**TASK ITEM:**
Please give all of the data again, character for character, and drop the pictures.

**SOURCE DATA:**
########################################

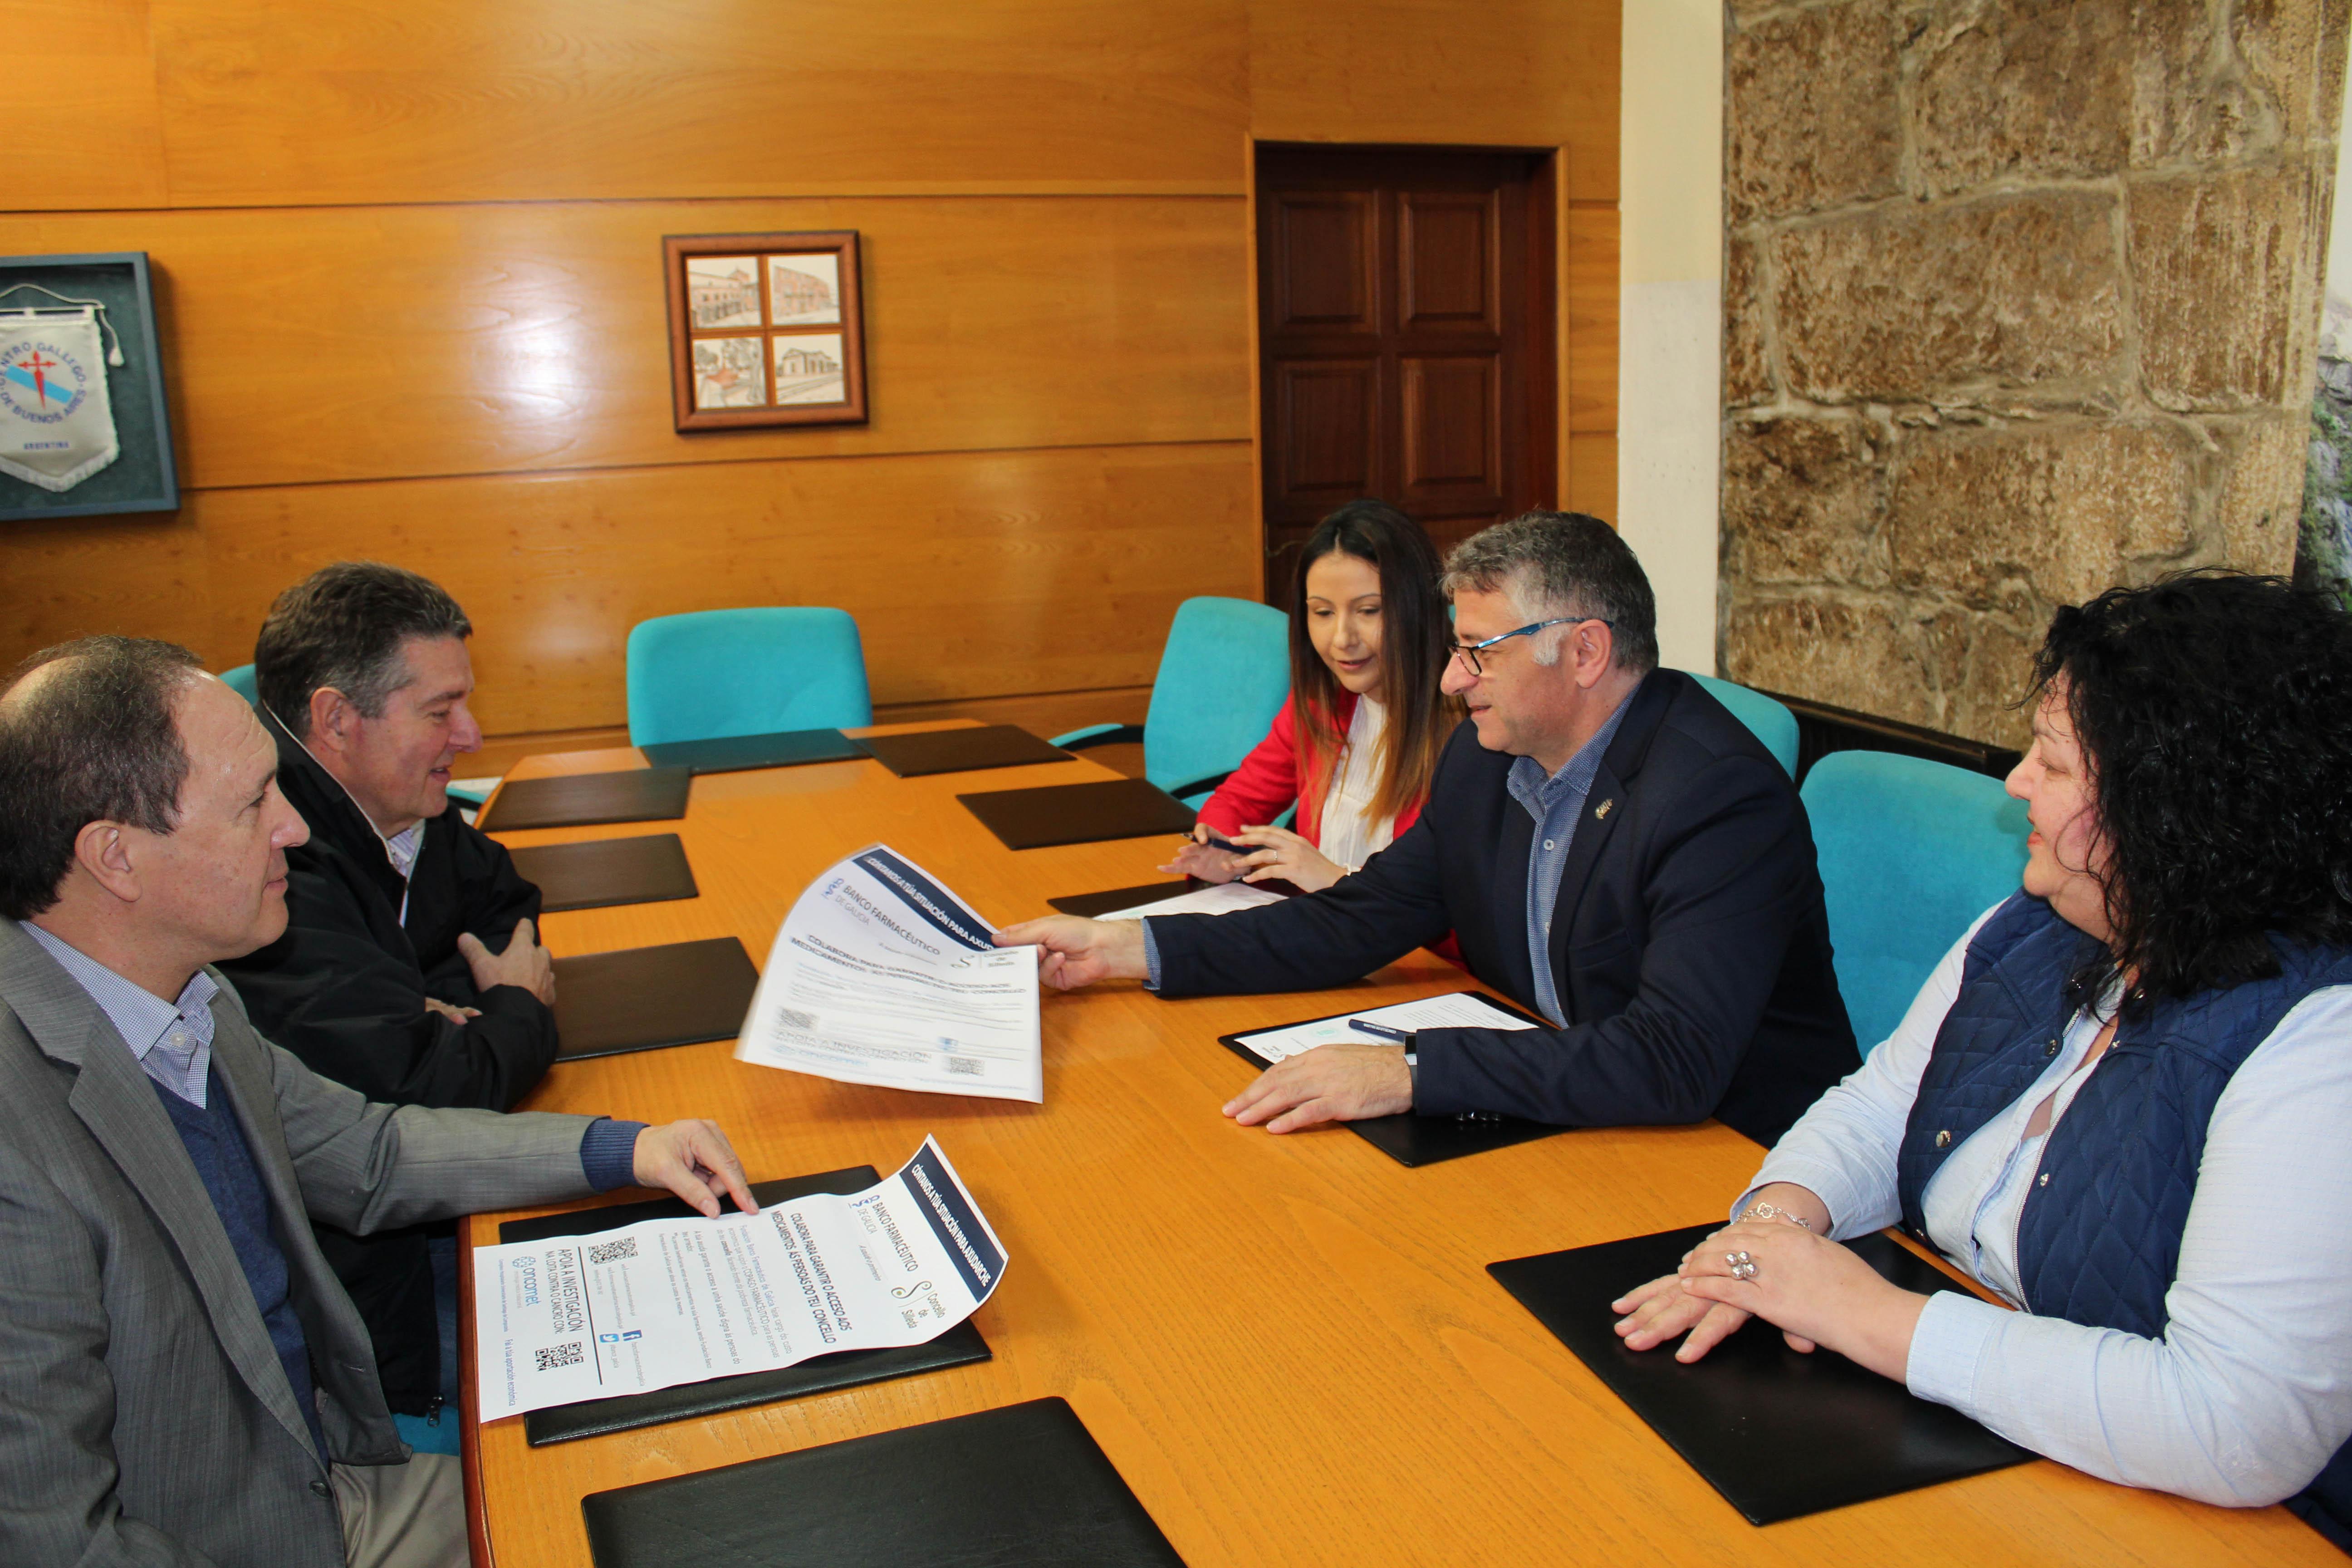 O Concello de Silleda, pioneiro en colaborar ca Fundación Banco Farmacéutico de Galicia
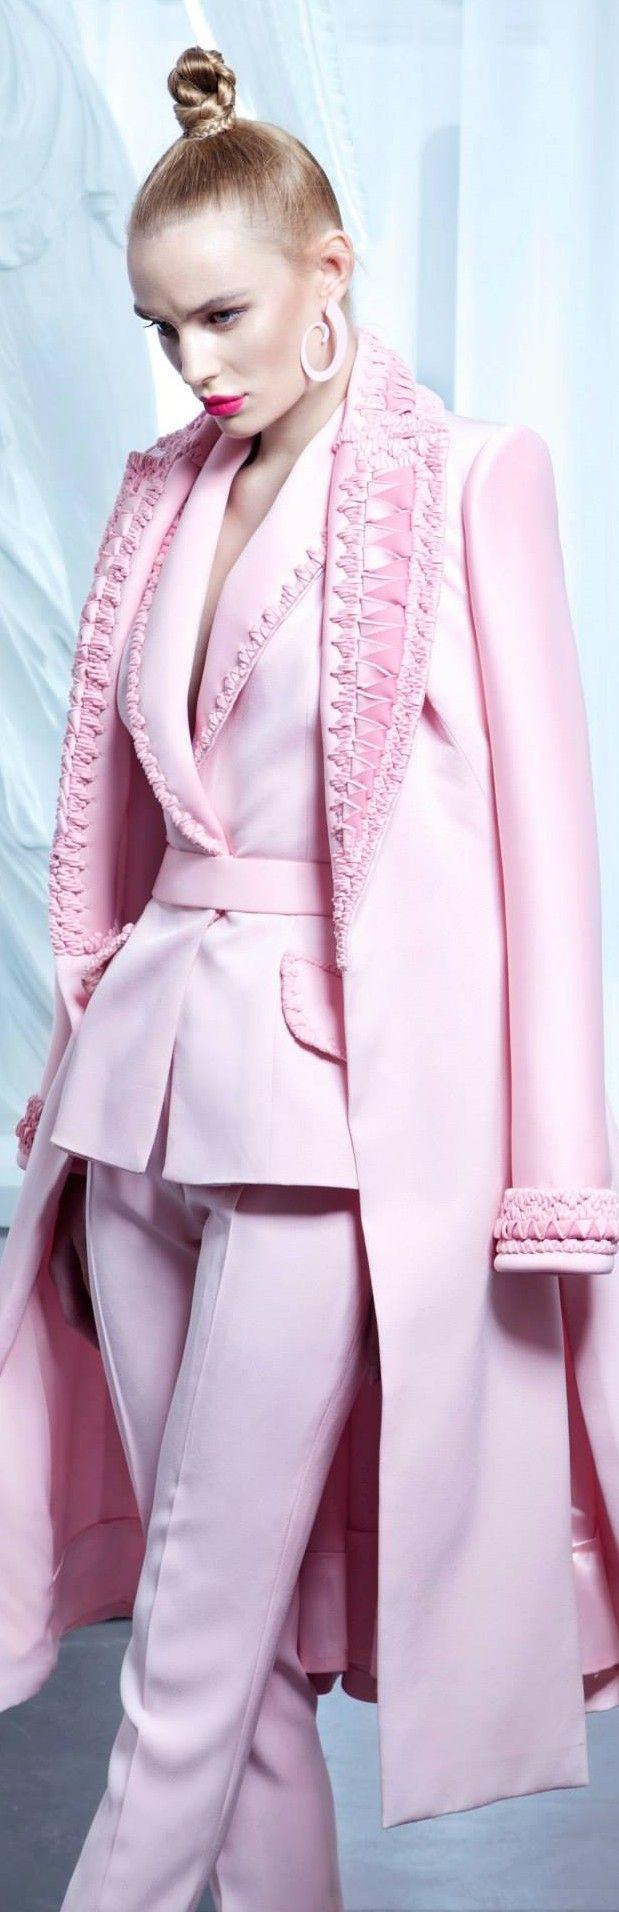 Nicolas Jebran couture 2015 | High End Fashions | Pinterest | Rosas ...
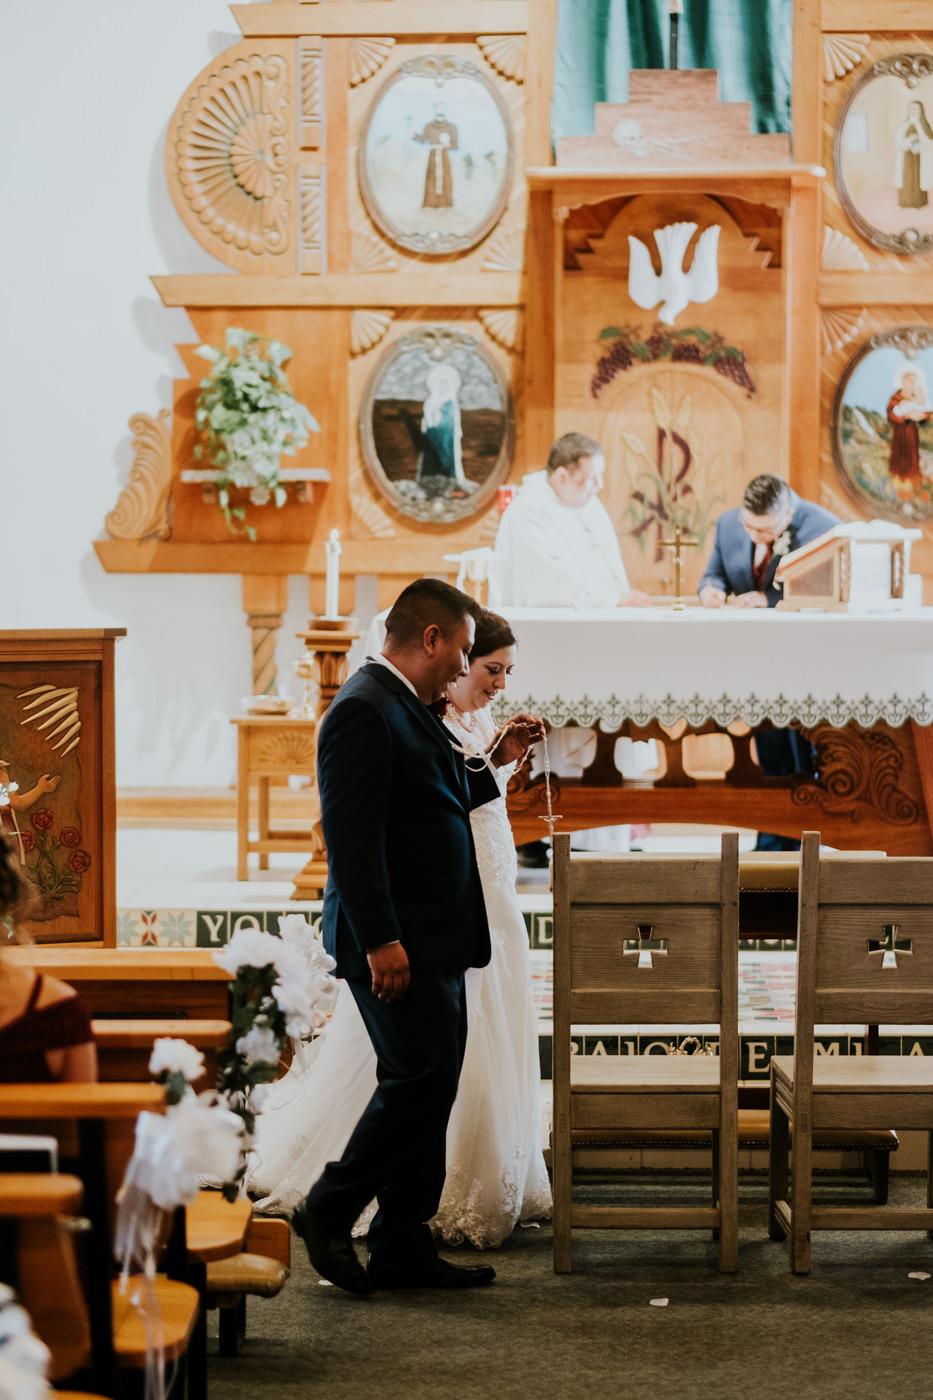 Liza+Gene.Wedding.Blog©mileswittboyer.com2018-78.jpg
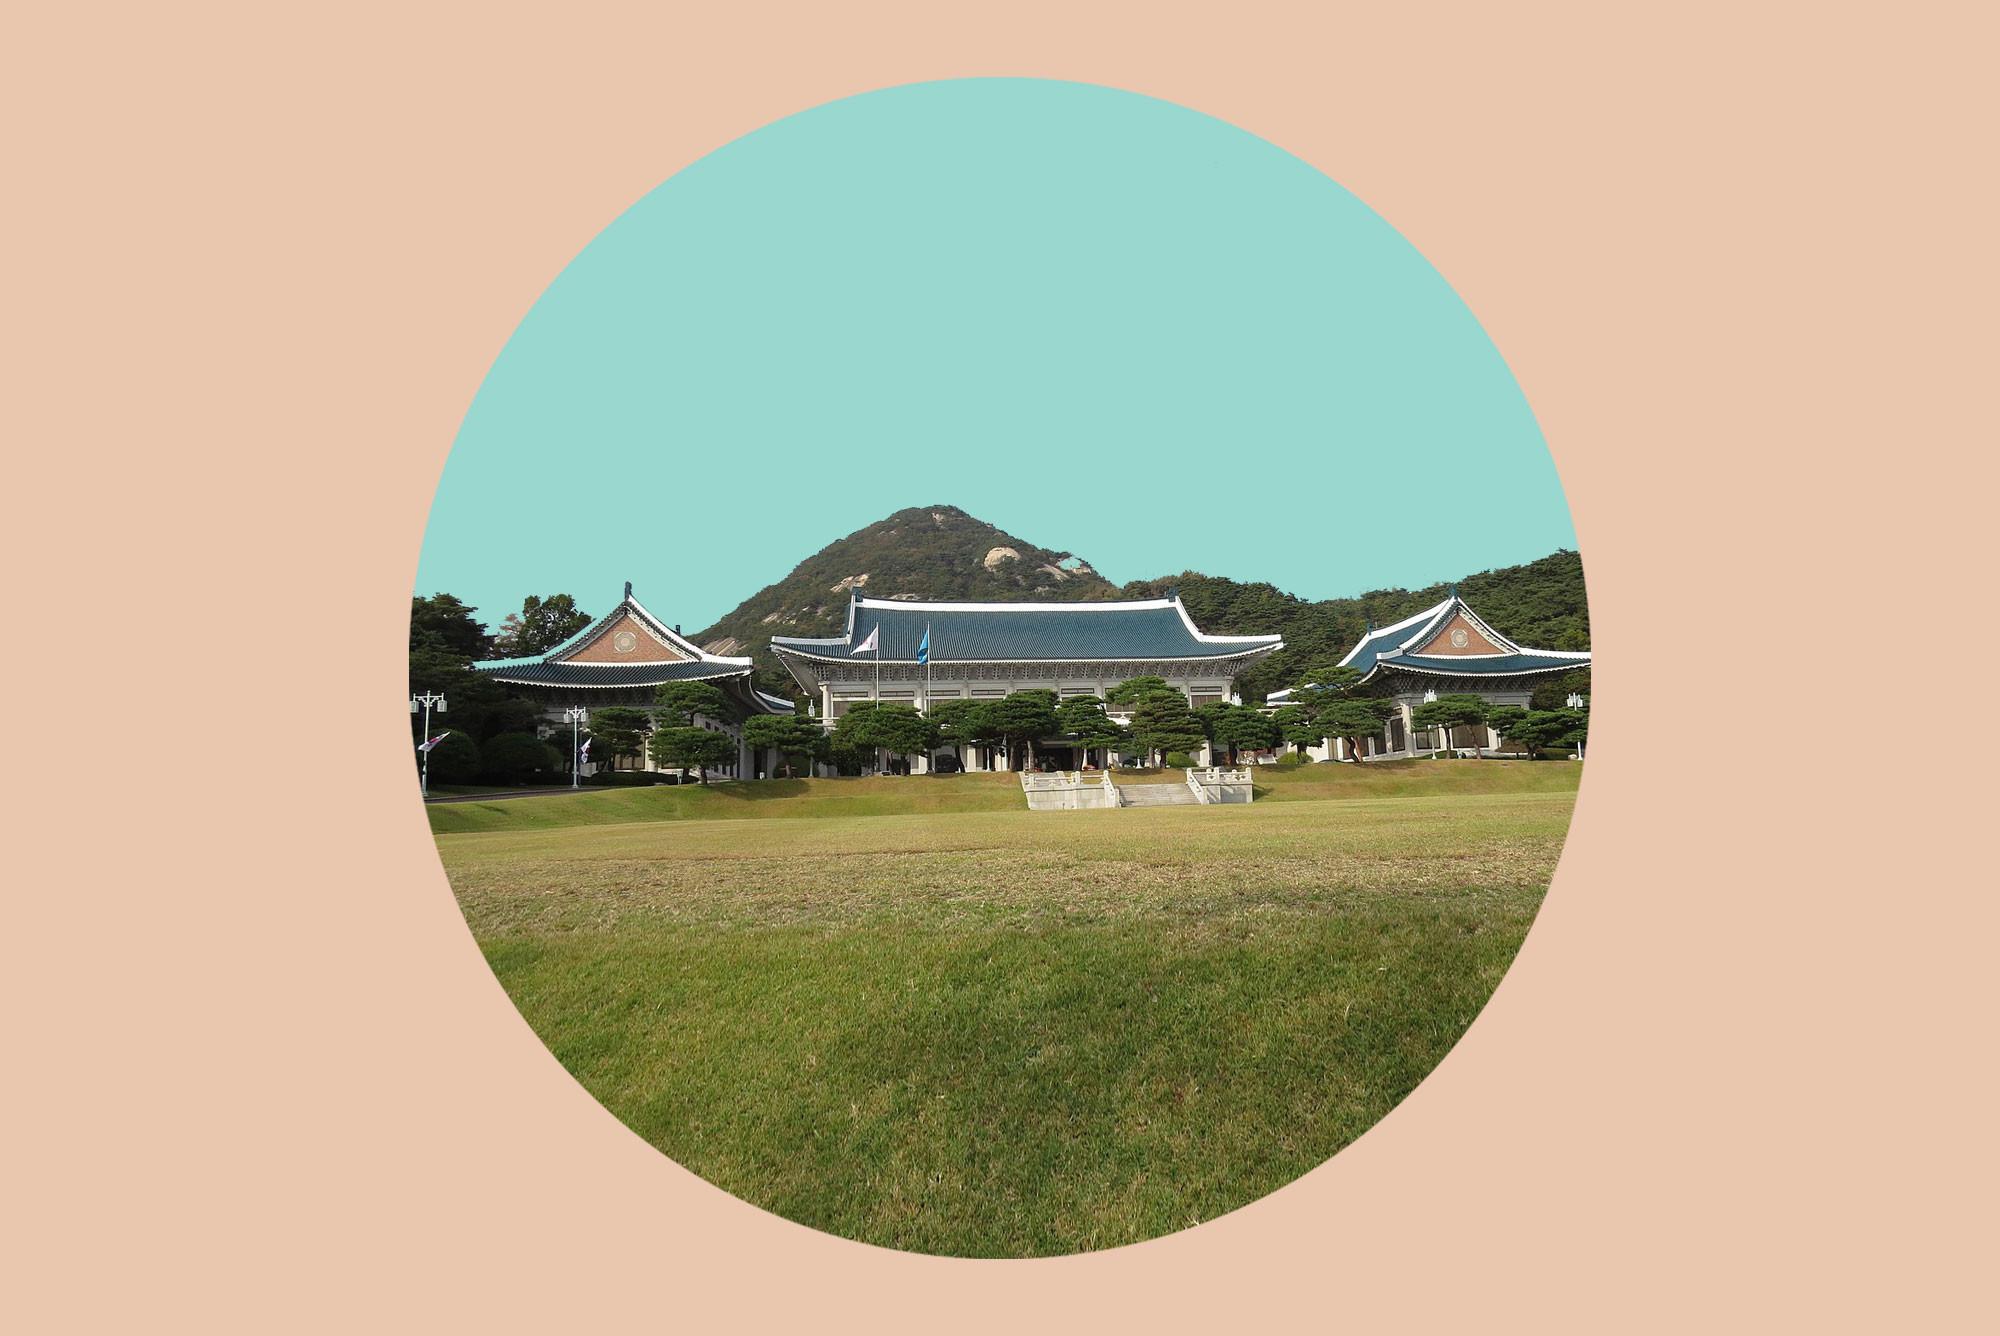 Голубой дом, правительственная резиденция. Коллаж © L!FE Фото: © Wikipedia.org

########################################

**RESPONSE AREA:**
 O Concello de Silleda, pioneiro en colaborar ca Fundación Banco Farmacéutico de Galicia
 Nicolas Jebran couture 2015 | High End Fashions | Pinterest | Rosas ...
 Liza+Gene.Wedding.Blog©mileswittboyer.com2018-78.jpg
 Голубой дом, правительственная резиденция. Коллаж © L!FE Фото: © Wikipedia.org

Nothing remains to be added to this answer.